Особые споры вызвали у нас контрроманы младшего Толстого. Морозов считал, что у Льва Львовича просто не могло быть отличных от отца сюжетов и он, давая своим героям иную – иногда решительно иную – трактовку, пытался, как и хотел отец, отделиться от него. Резко, для всех явно продемонстрировать, что он другой. То есть он принял правила, навязанные старшим Толстым, и вел себя как его сын. Но Толстой не оценил, не захотел это понять, принял за издевательство.
Однако я с этим морозовским толкованием не согласен: известно, что, в отличие от самого Льва Николаевича, Лев Львович и на йоту не отступал от линии раннего Толстого. Так вот, я думаю, что именно старший Толстой сознательно перестал быть прежним, искусственно себя переделал. Однажды он понял, что перед братом-сыном неправ и, отойдя в сторону, оставил ему продолжать себя. С этого времени истинным Толстым стал Лев Львович, его и следует нам изучать.
Впрочем, нелады между братьями продолжались. В конце концов теперь истинный Толстой – Лев Львович – уехал в Швецию, где у известного врача Эрнста Теодора Вестерлунда долго лечился от неврозов, а старший Толстой бежал из Ясной Поляны – общее бегство от себя. После смерти Льва Николаевича Толстого и особенно после революции все постепенно приходит в норму. Как и должно, Льва Николаевича играет в голливудских фильмах Лев Львович, и он же в минуту острого безденежья, глядясь в зеркало, рисует автопортреты великого Толстого.
И последнее: возможно, большевики решились на коллективизацию, глядя на такие процветающие, такие изобильные толстовские коммуны.
Четвертый, кого я хочу помянуть, – это уже названный выше Семен Евгеньевич Кочин, наш сосед по коммуналке в доме на улице «Правды», где я с родителями прожил до своих пятнадцати лет. Потом мы получили отдельную квартиру совсем в другом районе, на Ленинском проспекте, и я после переезда видел Кочина лишь дважды, второй раз чуть больше года назад, за месяц до его смерти. Так что можно считать, что я с ним попрощался. И при мне, и позже Кочин жил со своей сестрой, тихой старой девой, относящейся к брату как к ребенку, – к нему вообще все относились как к ребенку, я, например, с детства был уверен, что он мне ровня.

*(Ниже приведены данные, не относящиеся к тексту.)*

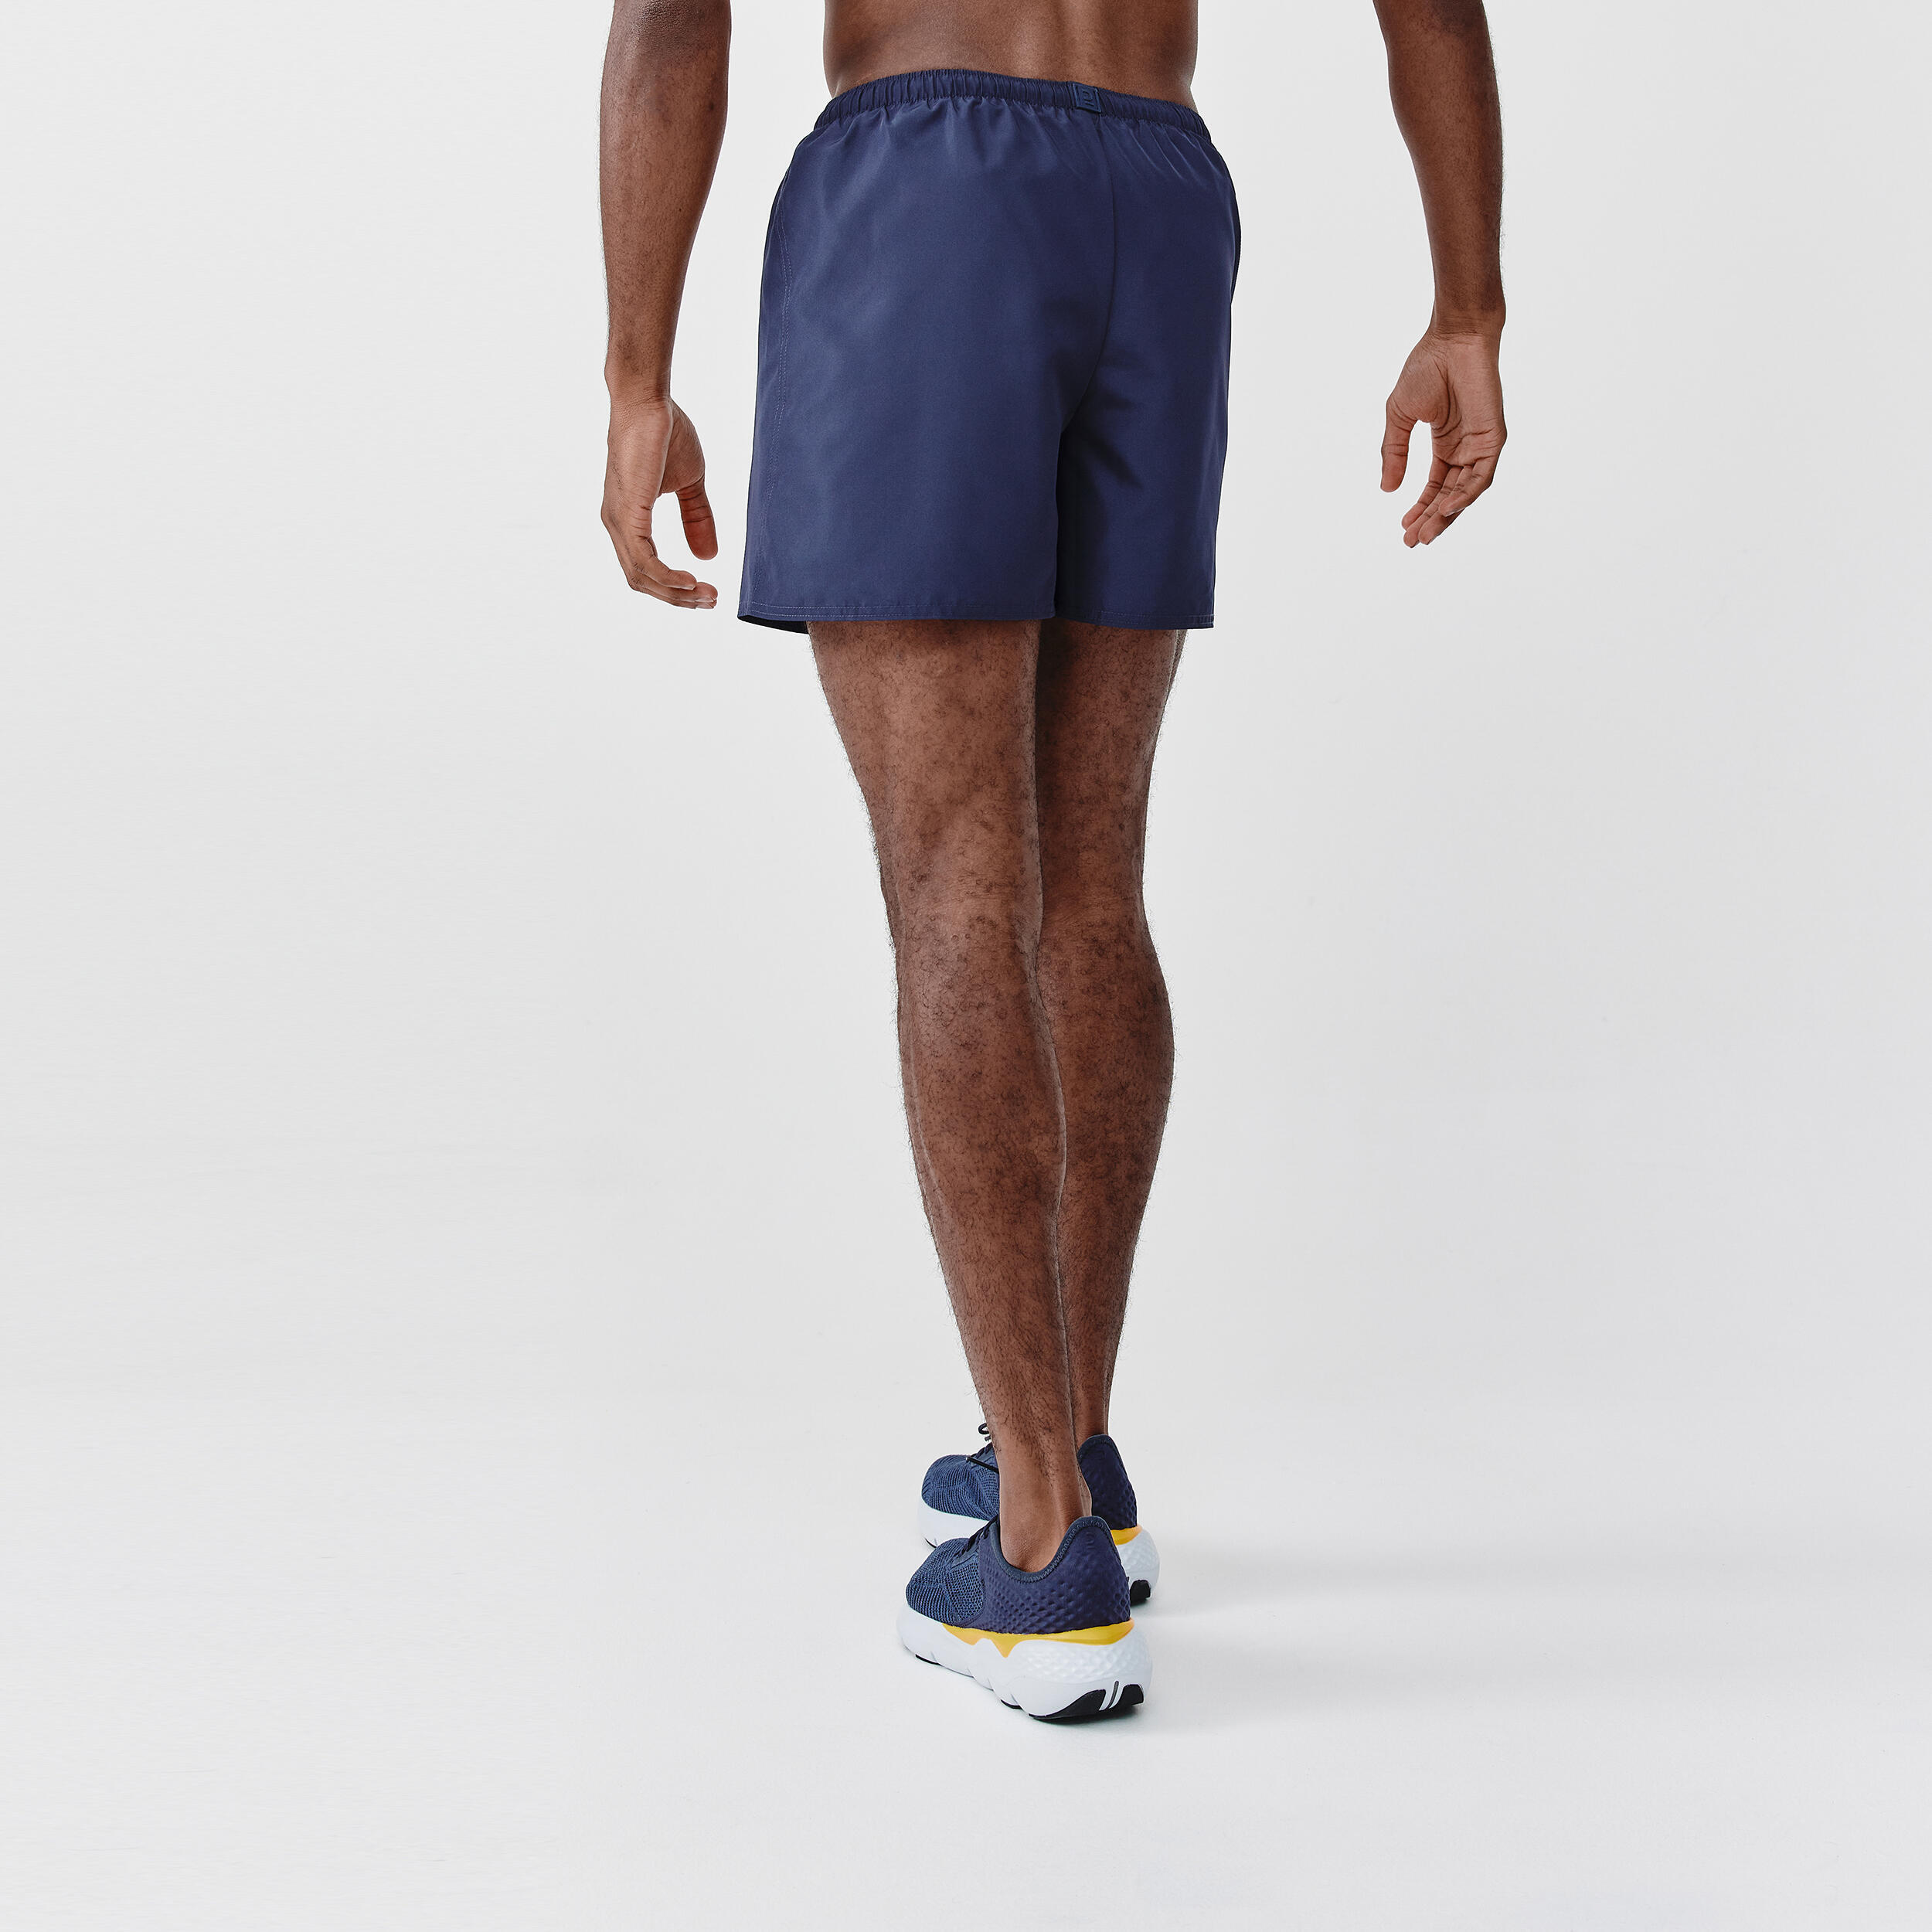 Men's Running Breathable Shorts Dry - dark blue 2/4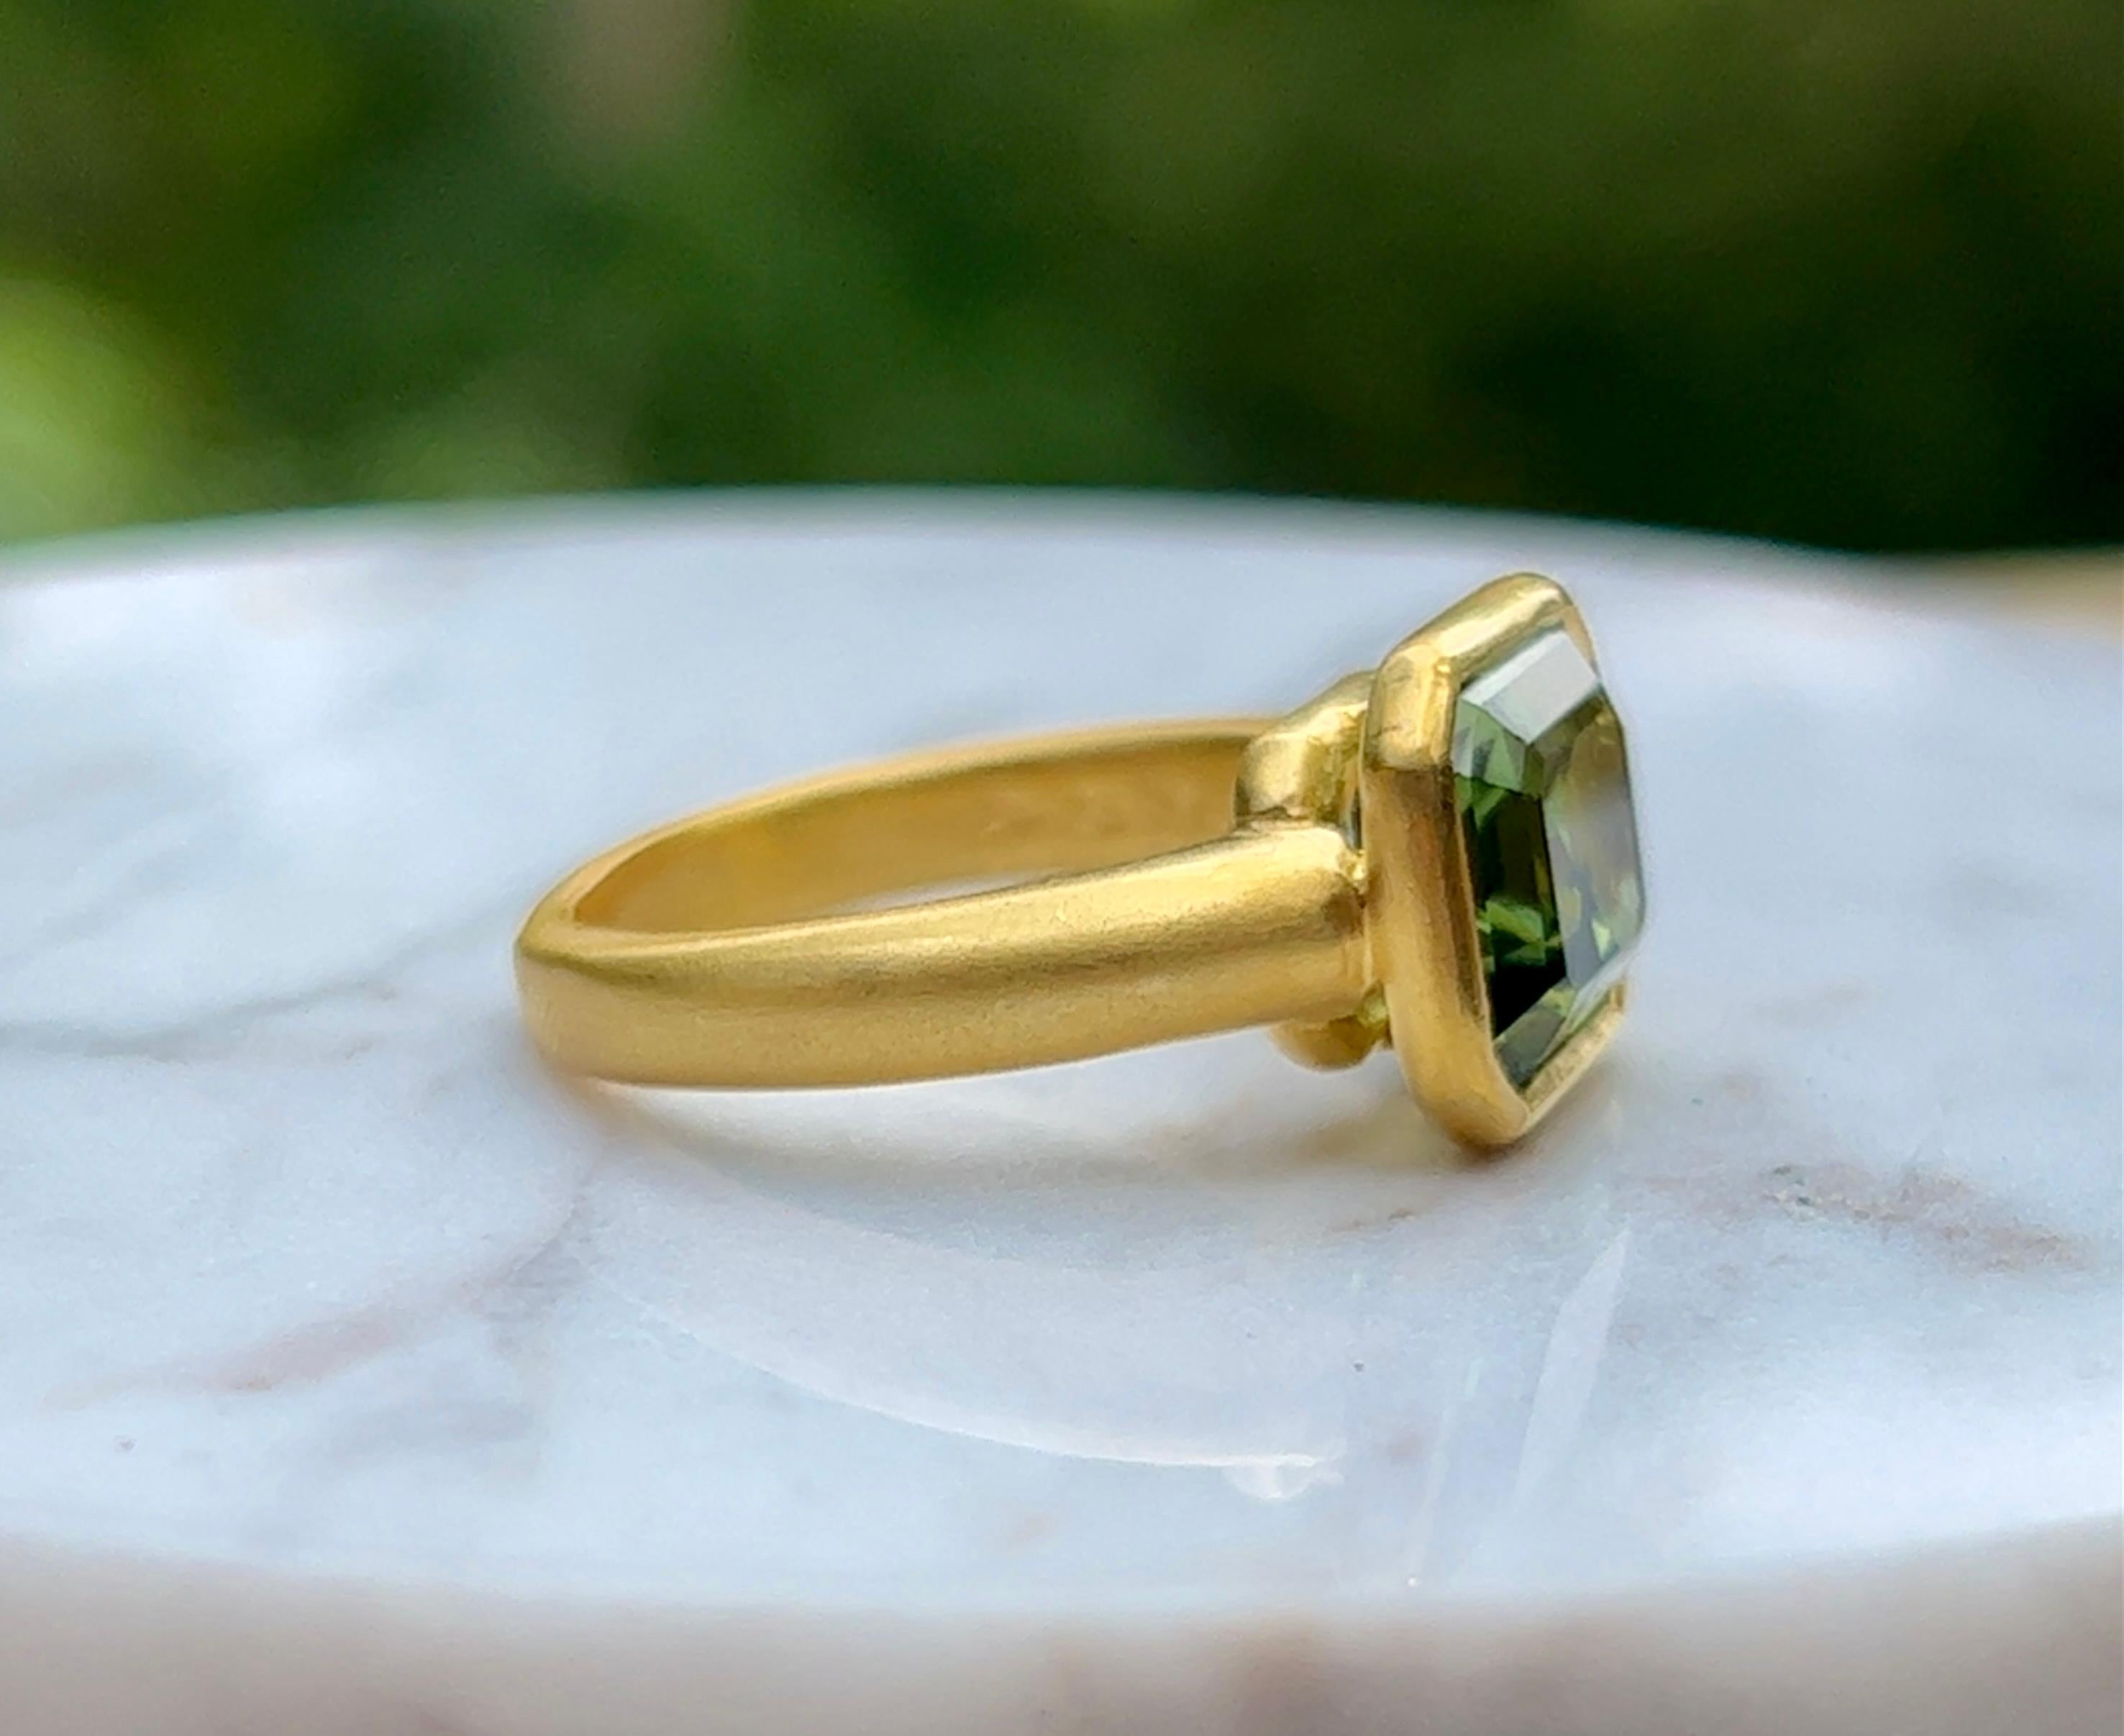 Emerald Cut H. Stern Green Tourmaline and Diamond Ring in 18K Gold

Комната Кочиных в квартире была самой большой, но предельно странной формы. Та ее сторона, где находилось окно – оно выходило на юг, – была совсем узкой, собственно говоря, там только окно и умещалось, однако дальше комната, которую Кочин предпочитал именовать «зрительным залом», расширялась, образуя трапецию. Из тех же соображений его кровать (вставал он с нее нечасто) звалась «королевской ложей», а старые льняные занавески – «театральным занавесом». Следуя кочинской логике, все, что было за окном, следовало называть сценой, точнее, даже сценой жизни, но для него вряд ли это было так: жизнь за окном интересовала его мало; пожалуй, после освобождения из лагеря он никогда не стремился выйти из своей комнаты, заглянуть за стекло, которым комната кончалась. Он вообще ценил завершенность и границы, мир его был плоским, как экран кино, он намеренно отказался от глубины сцены ради четкости и ясности изображения или потому, что не мог совладать с масштабом. Однажды он говорил мне, что в юности учился на художника, считался довольно талантливым колористом, но никак не мог научиться перспективе – этому сознательному искажению размеров ради достижения истины.